As University of Calgary economist Trevor Tombe wrote in a piece for The Hub: “Relative to the size of government or the overall economy, the burden of these high interest costs remains lower than it was in the mid-1990s. Far lower. In 1995, interest costs were 35 per cent of revenue and nearly six per cent of our entire economy. Today, even if interest costs exceed $50 billion, that would be 11 per cent of revenue and less than two per cent of GDP. And central banks should start lowering their policy rates next year, perhaps by spring or earlier, as inflation pressures recede.”
And while Poilievre will continue to pretend this increase in interest rates is all Justin Trudeau’s fault, the data clearly says otherwise. In fact, Canada’s fiscal position right now is among the strongest of its peers. “Based on the latest data compiled by The Economist, the U.S. federal deficit is set to reach 5.7 per cent of GDP this year, equivalent to roughly $165 billion in Canada,” Tombe noted. “Borrowing in the euro area is 3.4 per cent. The U.K. is 3.9 per cent. Indeed, of all the countries it tracks — developed and developing alike — only three expect a surplus: Australia, Denmark, and Norway.”
As to the debt we incurred over the last few years, I’d love to know which parts people like Martin think we could have done without. Was it the pandemic relief that helped avert a deflationary spiral and economic ruin? Was it the childcare funding that’s already saving some families thousands of dollars each month? How about the additional health-care transfers to the provinces?
This is, by the way, the question that journalists need to be putting to Poilievre until he finally offers up something resembling an answer. Where, exactly, would you cut in order to balance the budget? Don’t insult us with these suggestions that getting rid of the ArriveCAN app or even defunding the CBC would get it done. Which departments will feel the brunt of the $30 billion or more in annual cuts needed to balance the budget, and who will feel the pain from that?
As to any more apologies coming from deficit-scolding boomers? They can keep them. We sacrificed all sorts of things to protect them during COVID. If they actually want to pay it forward, it’s time for them to put something real on the line: their political support for our best interests.
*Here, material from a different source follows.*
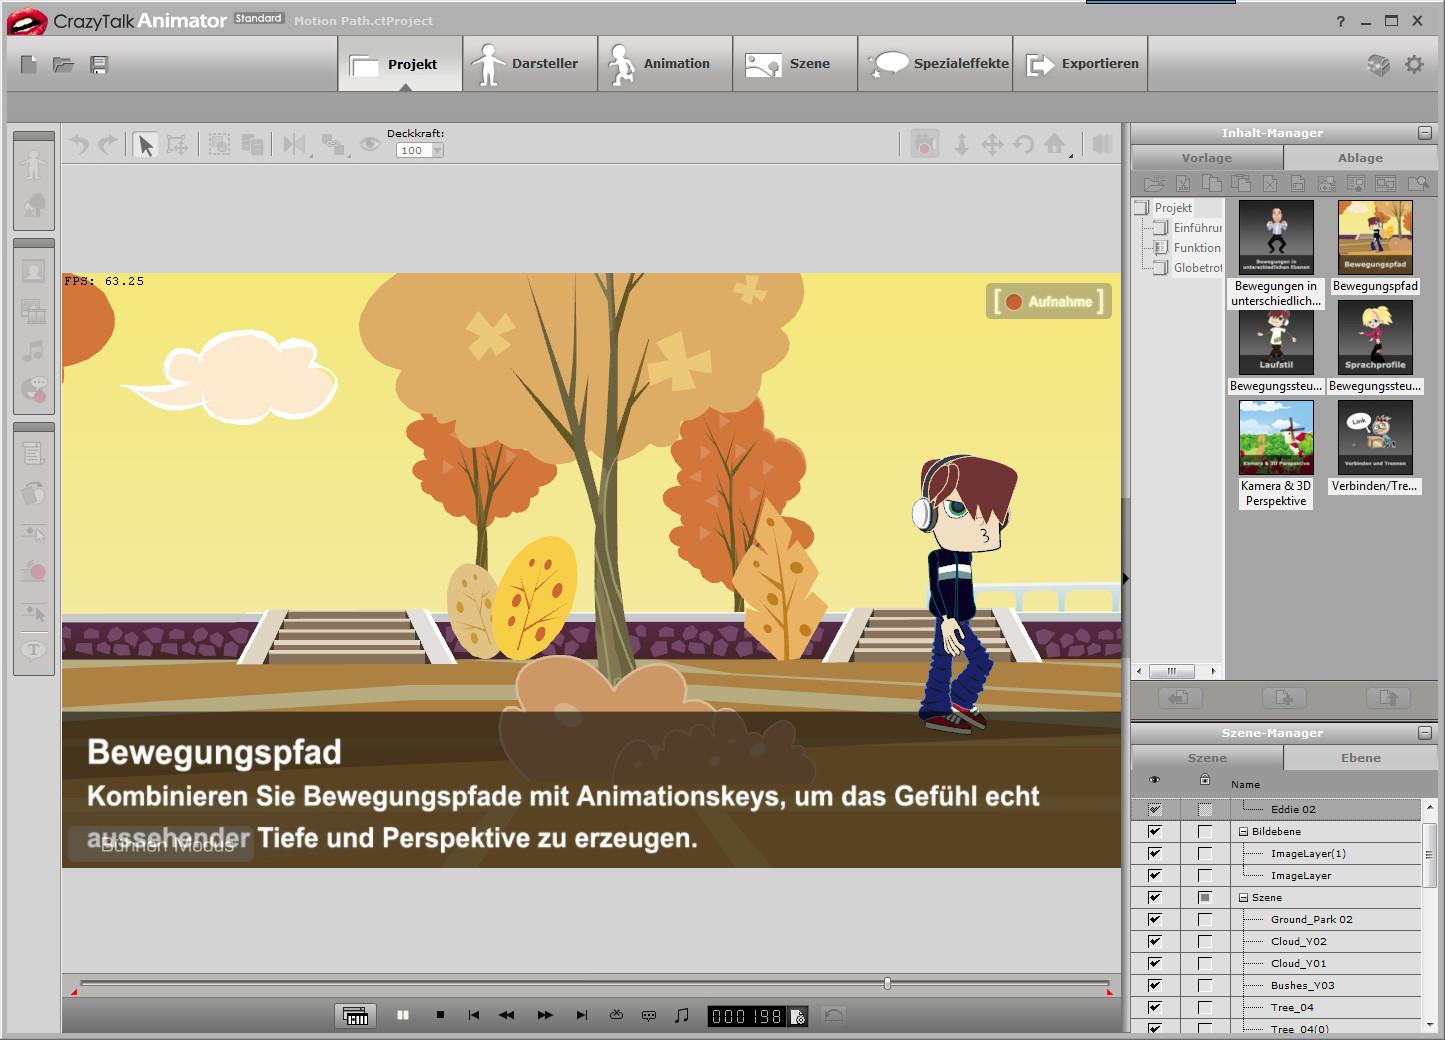 Screenshot 1 - CrazyTalk Animator – Kostenlose Vollversion

I’m not holding my breath.
The Wrap
Last week, I wrote (again!) about the Canadian Taxpayers Federation and their convenient blind spot when it comes to conservative governments. They suddenly have even more things to studiously ignore, what with the talk around Poilievre’s expenses and the Alberta government sending 100 of Danielle Smith’s best friends and co-workers to Dubai at a reported $2,500 per night.
I also wrote about Poilievre’s very bad week, and how it opens the door — just a smidge, mind you — to a potential Liberal comeback. With news about the federal government’s deal with Google over its Online News Act and allegations about the Indian government’s murder-for-hire behaviour in the United States, this week isn’t shaping up to be any better for Poilievre.
And Tuesday, I covered Danielle Smith’s much ballyhooed invocation of the so-called “Alberta Sovereignty Within a United Canada Act,” which was supposed to get boots quaking in Ottawa. Instead, it probably just served as a particularly funny punchline, given that her big threat is apparently the creation of a Crown corporation. What’s next, threatening Trudeau with a public insurance option?